Empat aktivis Jateng Guyub Bertolak ke Gedung DPR RI, Membawa Suara Rakyat: segera wujudkan RUU Perampasan Aset Koruptor dan Perkuat Pemberantasan Korupsi Tanpa Pandang Bulu (ist)
GROBOGAN, BIDIKNASIONAL.com – Empat pegiat gerakan masyarakat dari Jawa Tengah bertolak ke Jakarta pada 23 Agustus 2026 untuk bergabung bersama kawan-kawan seperjuangan di Gedung DPR RI. Kehadiran mereka membawa satu agenda utama: mendorong DPR RI dan pemerintah mempercepat terwujudnya RUU Perampasan Aset Terkait Tindak Pidana serta memperkuat pemberantasan korupsi di Indonesia.

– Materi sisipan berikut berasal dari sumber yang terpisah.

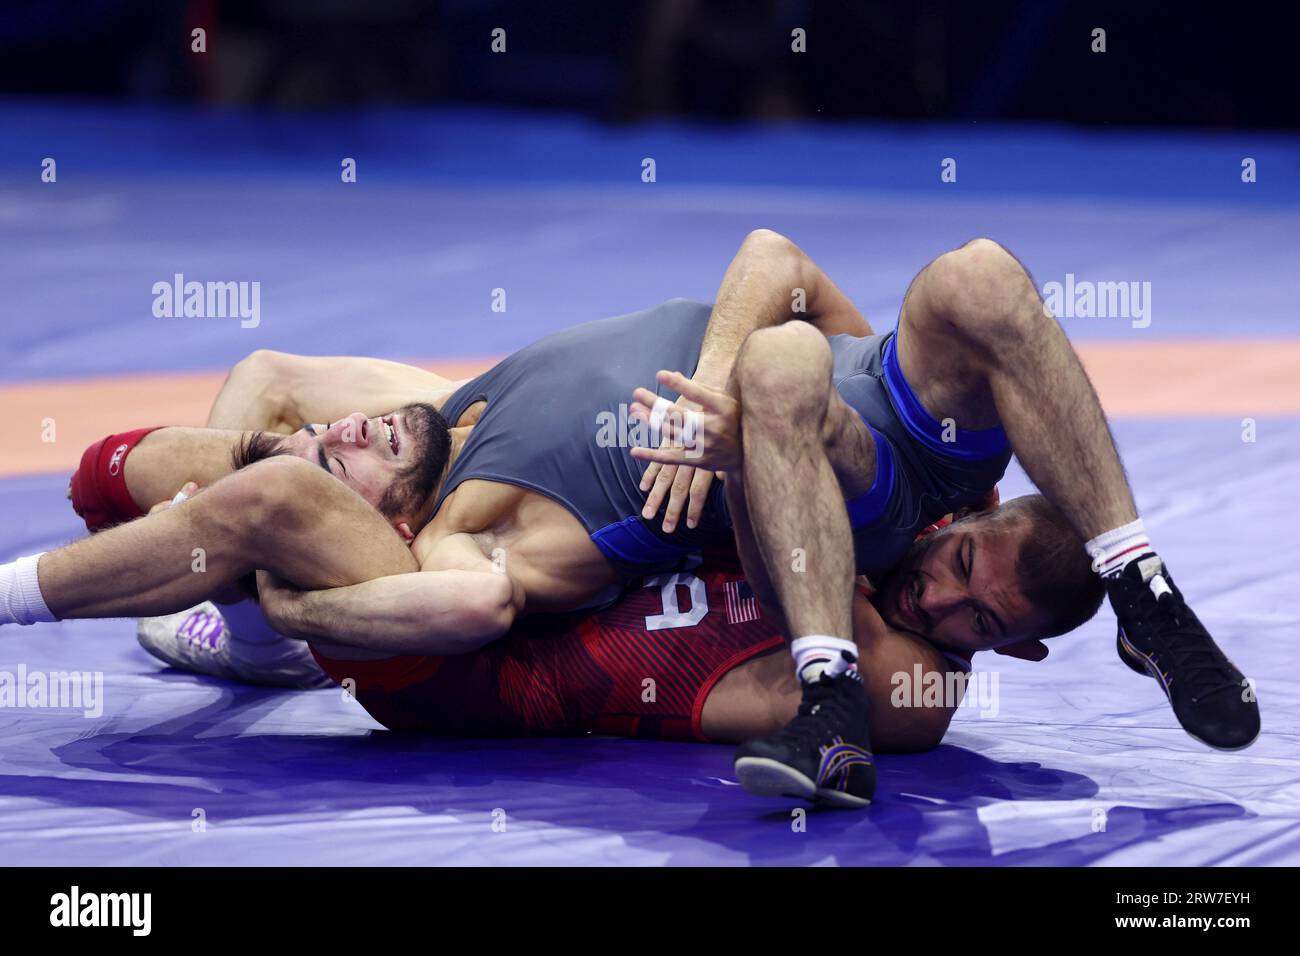 Vitali Arujau of United Stats (red) competes during the mens freestyle 61kg final match against Abasgadzhi Magomedov of Russia (blue) at the Wrestling World Championships in Belgrade, Serbia on September 17, 2023.

Keempatnya berasal dari berbagai jaringan gerakan masyarakat, yakni Exy dari Blora, Jateng Guyub; Heru Budianto dari Grobgan, Jateng Guyub; Atak 47 dari Pati, JMPPK Kendeng, serta Ambon dari Blora.
Mereka menyatakan keberangkatan ke Jakarta merupakan bentuk dukungan terhadap perjuangan masyarakat sipil yang selama ini terus mendesak agar pemberantasan korupsi tidak berhenti pada pemidanaan pelaku, tetapi juga mampu memulihkan dan merampas aset hasil kejahatan korupsi melalui mekanisme hukum yang kuat dan berkeadilan.
Selain mendorong percepatan regulasi perampasan aset, mereka juga menyuarakan tuntutan agar hukuman terhadap koruptor diperberat, termasuk gagasan hukuman mati bagi koruptor dalam kondisi yang memenuhi ketentuan hukum dan konstitusi.
“Kami datang dari daerah bukan untuk kepentingan pribadi. Kami ingin menyampaikan suara masyarakat yang menginginkan pemberantasan korupsi dilakukan secara serius, tegas, transparan, dan tanpa pandang bulu,” demikian semangat yang mereka bawa menuju Jakarta.
Perjalanan empat orang tersebut menjadi bagian dari konsolidasi gerakan masyarakat Jawa Tengah untuk menyuarakan agenda pemberantasan korupsi dari daerah hingga tingkat nasional.
Dari Jawa Tengah menuju Jakarta. Dari suara daerah menuju Gedung DPR RI.
Pesannya tegas: jangan biarkan uang rakyat dirampas koruptor. Perkuat hukum, rampas aset hasil korupsi, dan tegakkan keadilan.